:: DATASET ENTRIES ::
== Segment start ==
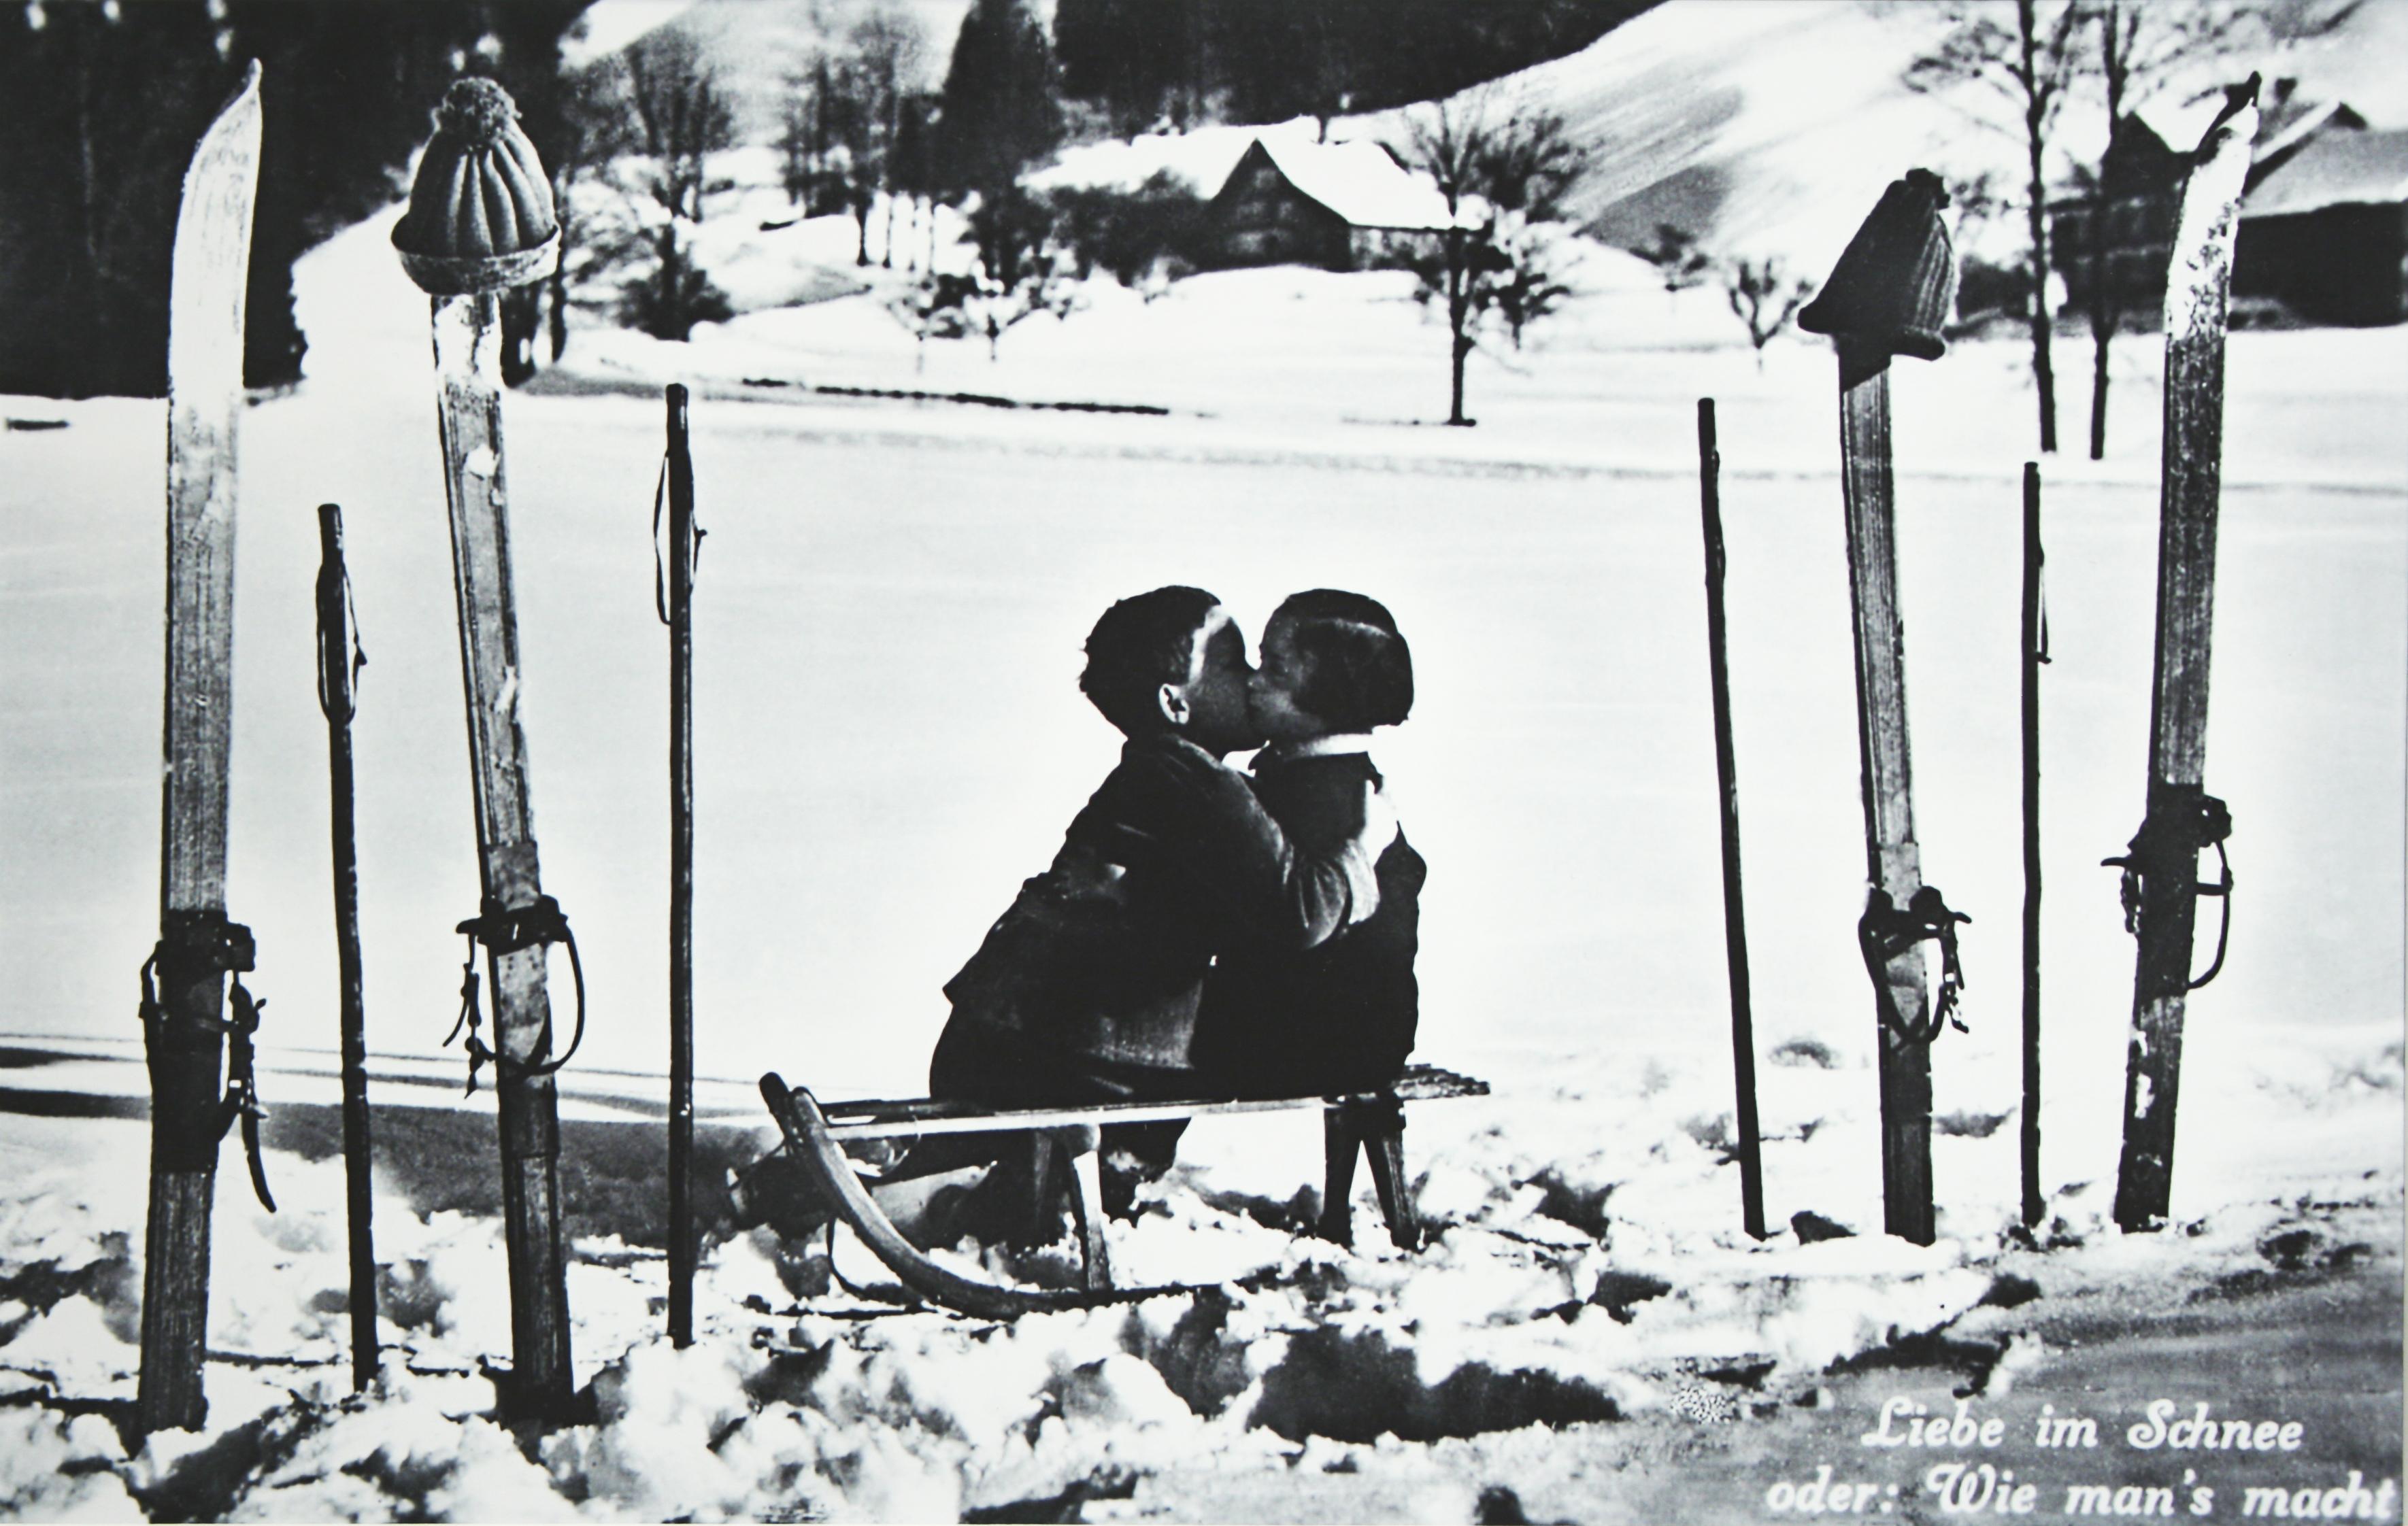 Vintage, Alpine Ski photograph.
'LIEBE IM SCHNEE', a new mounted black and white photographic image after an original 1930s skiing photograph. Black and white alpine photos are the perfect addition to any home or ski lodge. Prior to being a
== Segment end ==
== Segment start ==
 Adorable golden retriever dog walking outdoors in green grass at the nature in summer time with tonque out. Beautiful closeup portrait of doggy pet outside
== Segment end ==
== Segment start ==
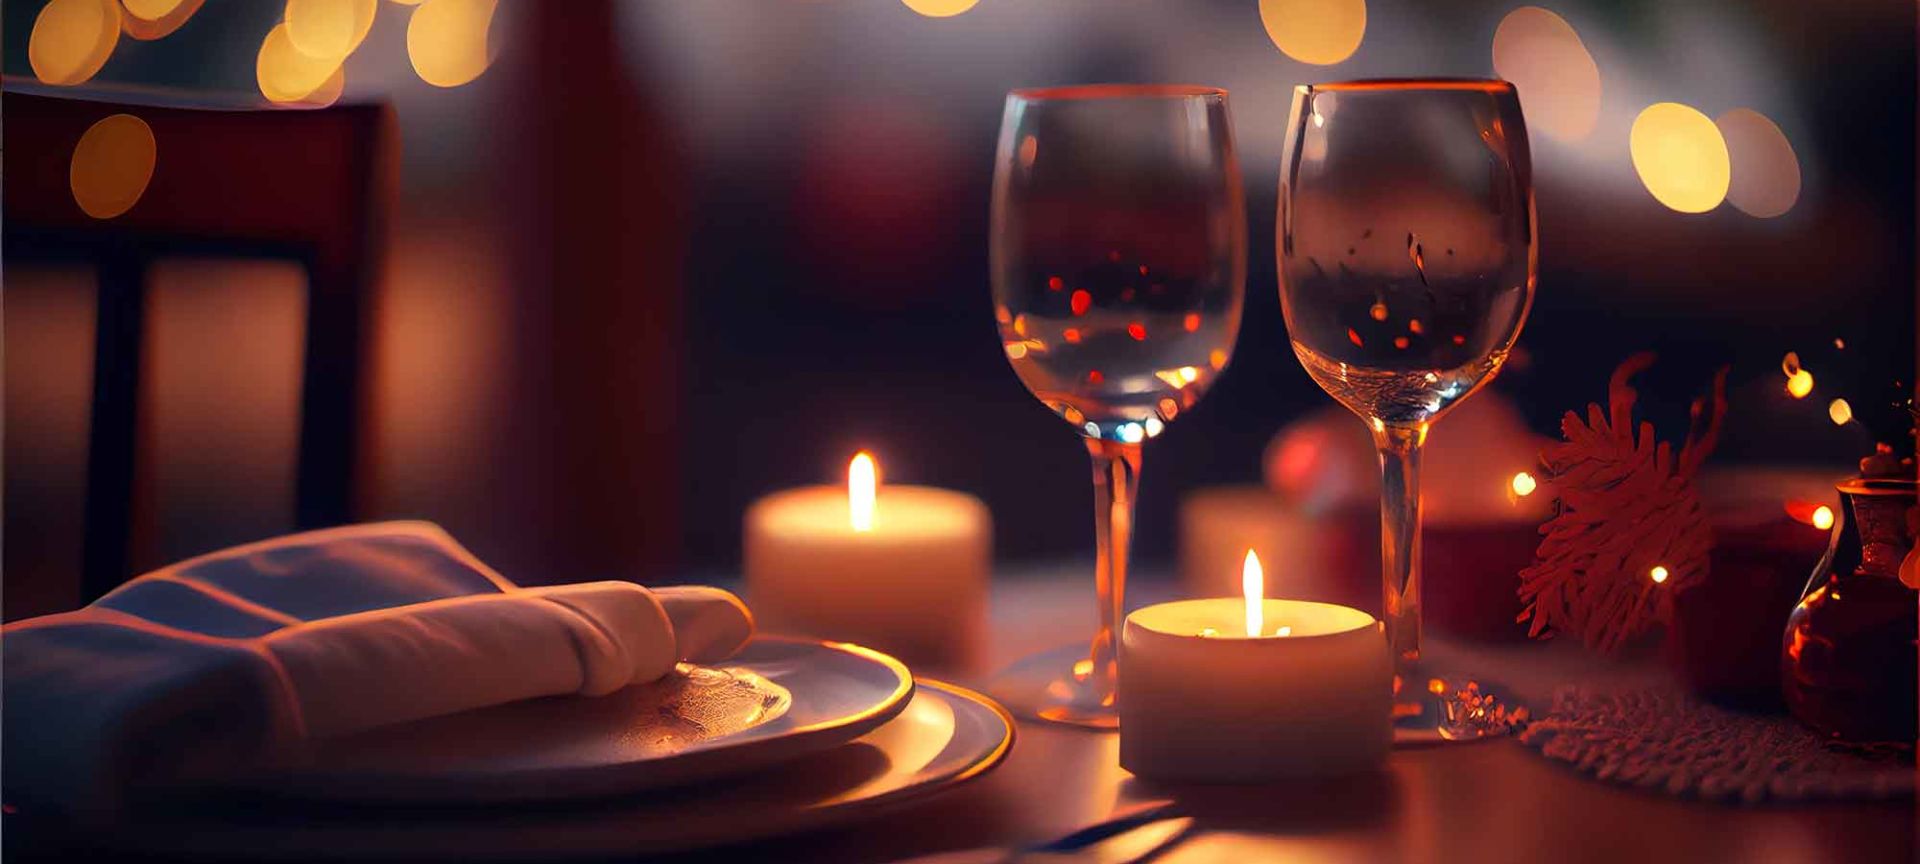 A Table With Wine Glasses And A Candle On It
== Segment end ==
:: ABOUT THIS EXERCISE ::
The result should be an exact copy of only the lines above from the one that holds "Vintage, Alpine Ski photograph." through the one that holds "Prior to being a", both ends included, without pictures.

:: TASK ANSWER ::
 Vintage, Alpine Ski photograph.
'LIEBE IM SCHNEE', a new mounted black and white photographic image after an original 1930s skiing photograph. Black and white alpine photos are the perfect addition to any home or ski lodge. Prior to being a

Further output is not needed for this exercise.